Edmund Ian Riggs, known as Ian Riggs, today pleaded not guilty to the murder of his wife, Patricia Anne Riggs, on or about September 30, 2001 at Margate.

But Riggs pleaded guilty to improperly interfering with his wife Tricia’s dead body, on or about September 30, 2001, at Margate.

Mr Fuller said on October 3, 2001, Riggs, then 42, went to Redcliffe Police Station and reported his wife, the mother of their four children, missing from their Margate home.

He said Riggs said he’d last seen her when he went to bed on the previous Sunday night, September 30, after they had argued, and had woken the next day to find her missing.

Riggs told police his wife had taken a credit card, keys and a mobile phone.

A few days after reporting his wife missing, Ian Riggs told police she had accused him of having an affair and said he was not pulling his weight in the marriage.

Riggs said in a tape recorded interview, played in court, that Tricia said she regretted marrying him, she was the worker in the relationship and he did nothing.

“She was saying things like she was never happy since marrying me,” Riggs told police.

He said on the night before she went missing, they again argued and he told her the relationship was over.

Riggs said Tricia told him she was going to screw him for everything he had and go for full custody of the children.

He said after he told Tricia he would get joint custody, she started crying, they moved into the bedroom and she later walked out.

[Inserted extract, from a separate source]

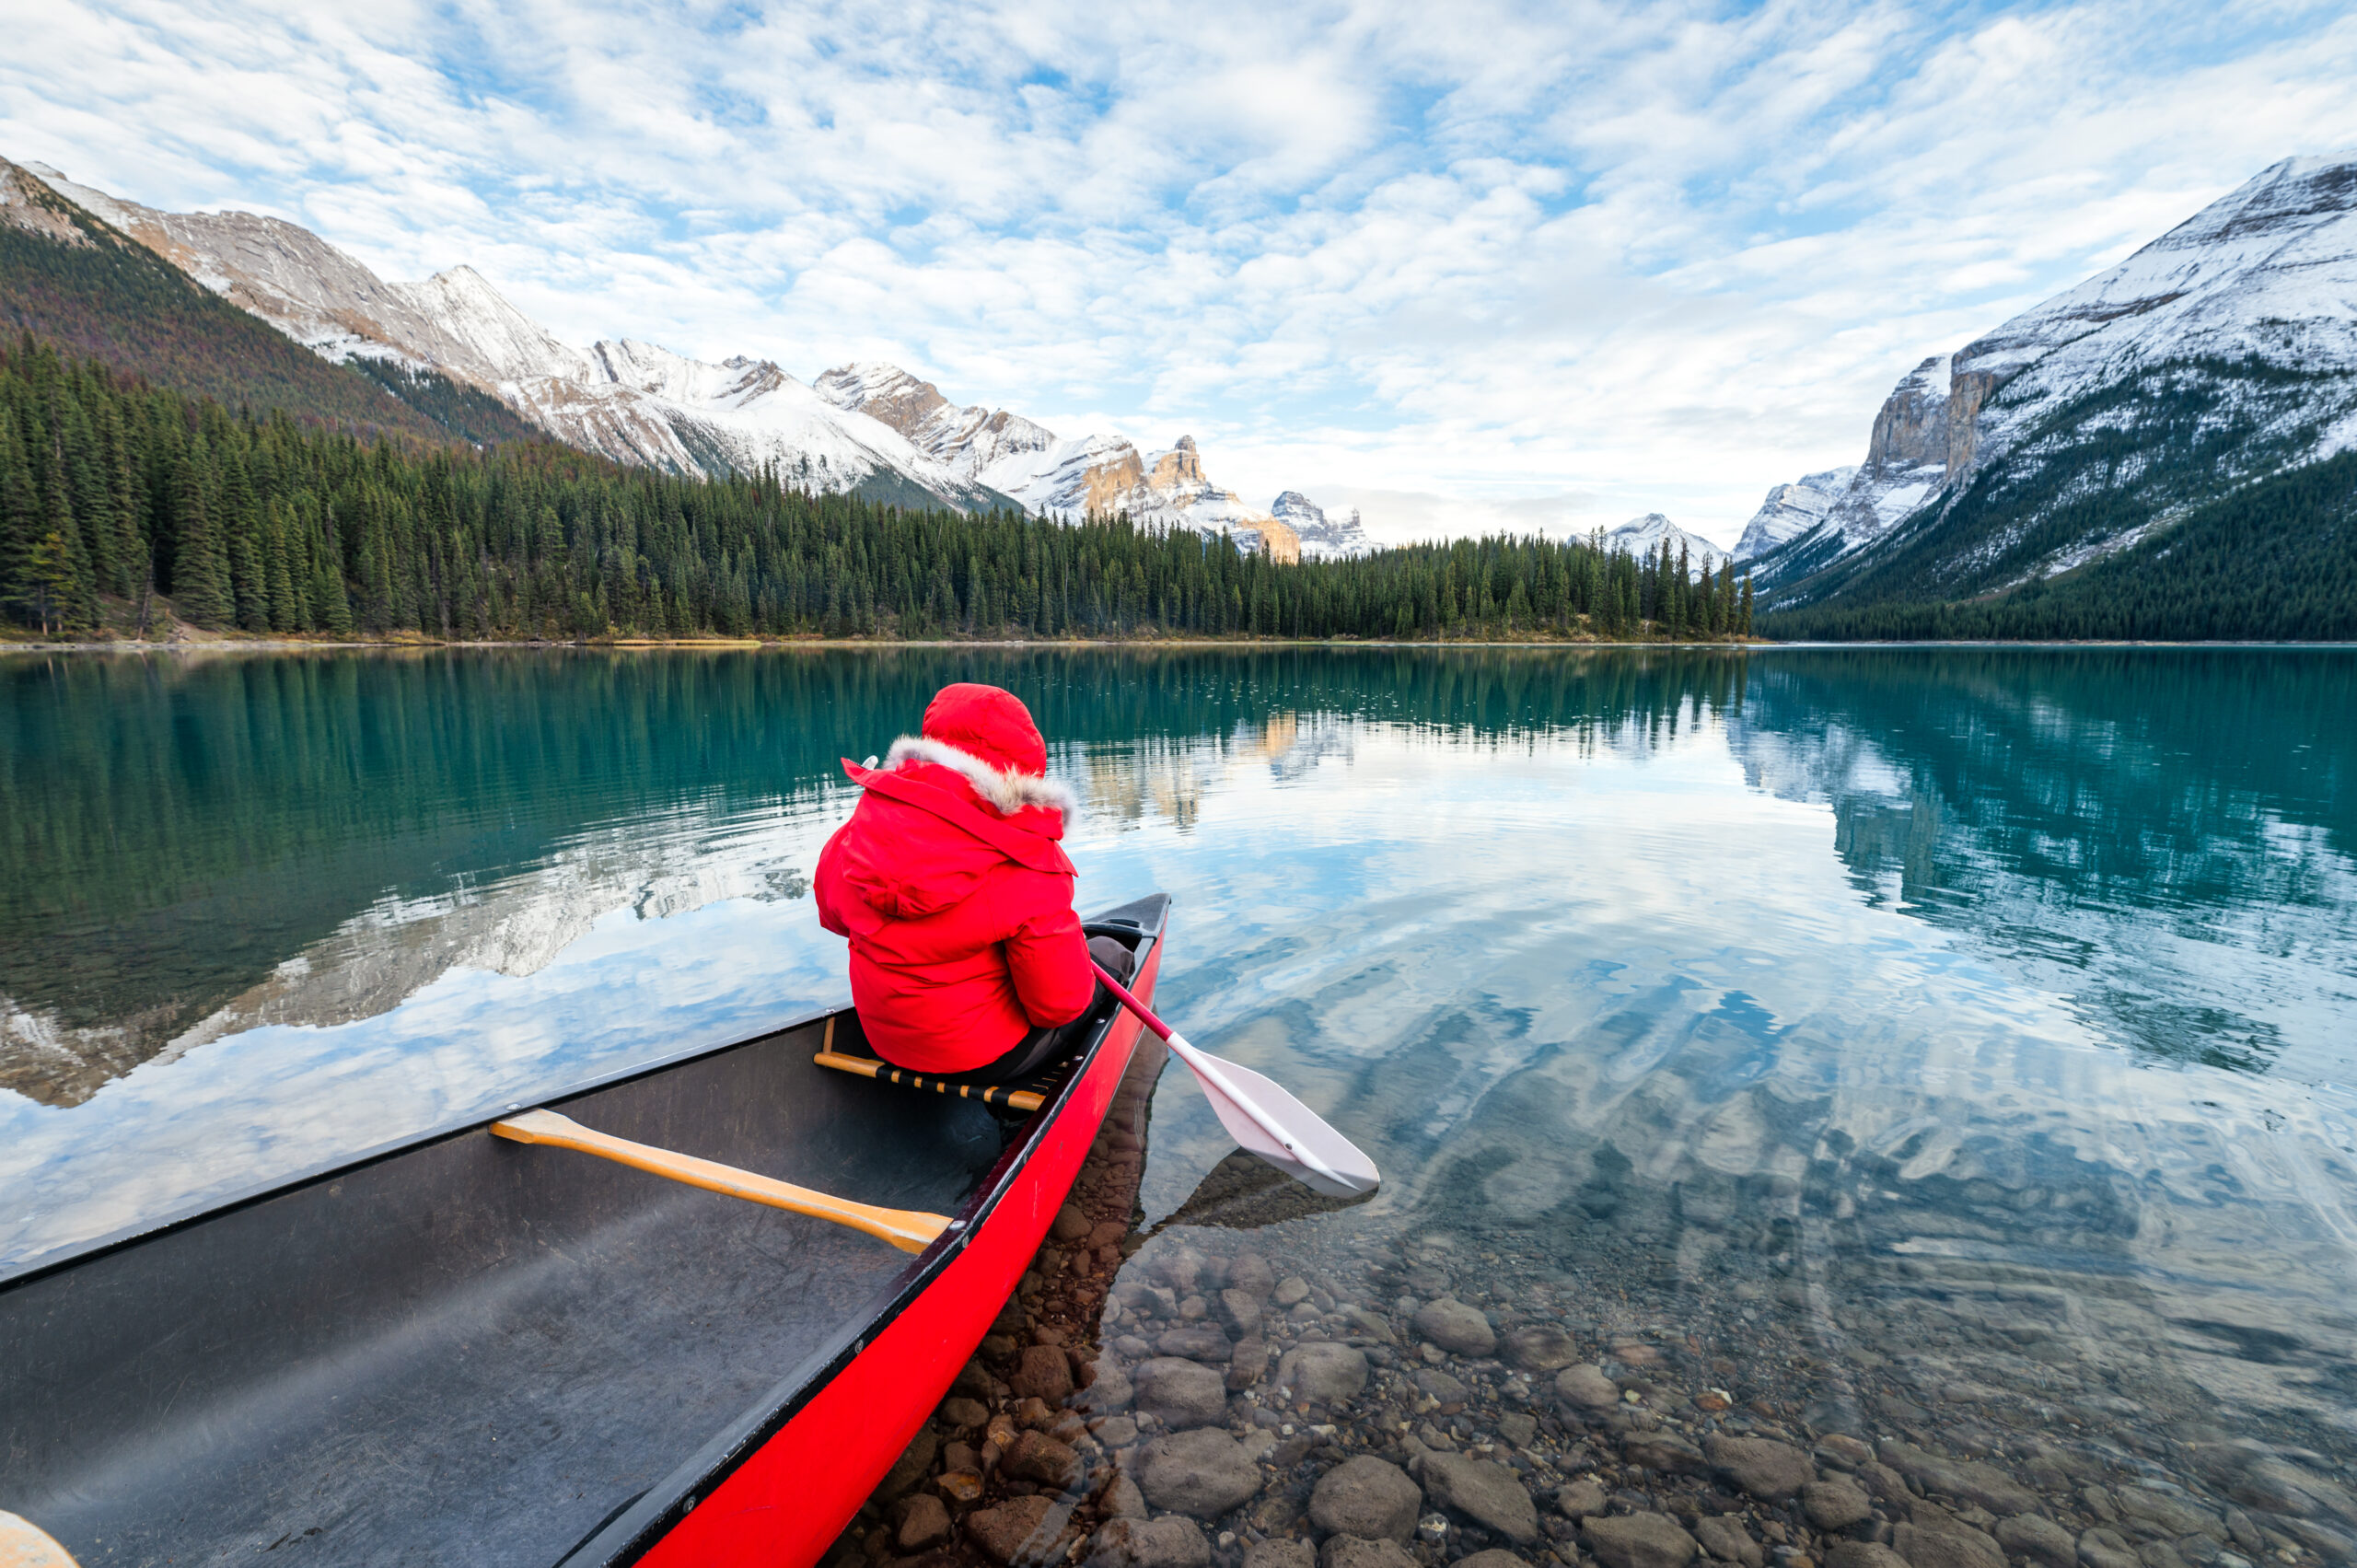 Child in red coat paddling canoe on Vancouver lake with snowy mountains in background.

He said he heard her go downstairs and when he woke in the middle of the night she was not in bed.

He said the next morning, after he and his daughter returned from a gym, Tricia was not home and the next day he found out she had not shown up for a new job.

He said on Wednesday, October 3, he went to Redcliffe Police Station, after contacting his wife’s friends.

“He claimed he had no idea where she was or what had happened to her,” Mr Fuller said.

“It’s a lie he has maintained for nearly 18 years.

“It was a lie that served him well until his wife’s partial remains were discovered buried in the back yard of their home, 15 years later.

“It’s a lie the Crown says he told to avoid the consequences of what he did, because the truth would betray him and his actions.”

Mr Fuller said six spots of Mrs Riggs’s blood were later found by police on Tricia and Ian Riggs’s bedroom wall, behind their bed.

Defence counsel Lars Falcongreen, in a defence opening, said Riggs admitted that he buried his wife’s body and that he told lies about his wife walking out of the house, never to be seen again.

But what was in dispute were the circumstances surrounding his wife’s death, and the circumstances and rationale behind his lies, Mr Falcongreen said.

Justice Flanagan told the jurors they should not allow Riggs’s admission of guilt for interfering with a corpse to prejudice them against him during the murder trial.

He said it did not make him somehow more likely to be guilty of her murder.

The judge said the Crown had to prove that Patricia Riggs was dead, Ian Riggs caused her death, she was unlawfully killed and Riggs killed his wife, intending to cause her death or at least cause her grievous bodily harm.

Justice Flanagan said the trial was expected to run for six days.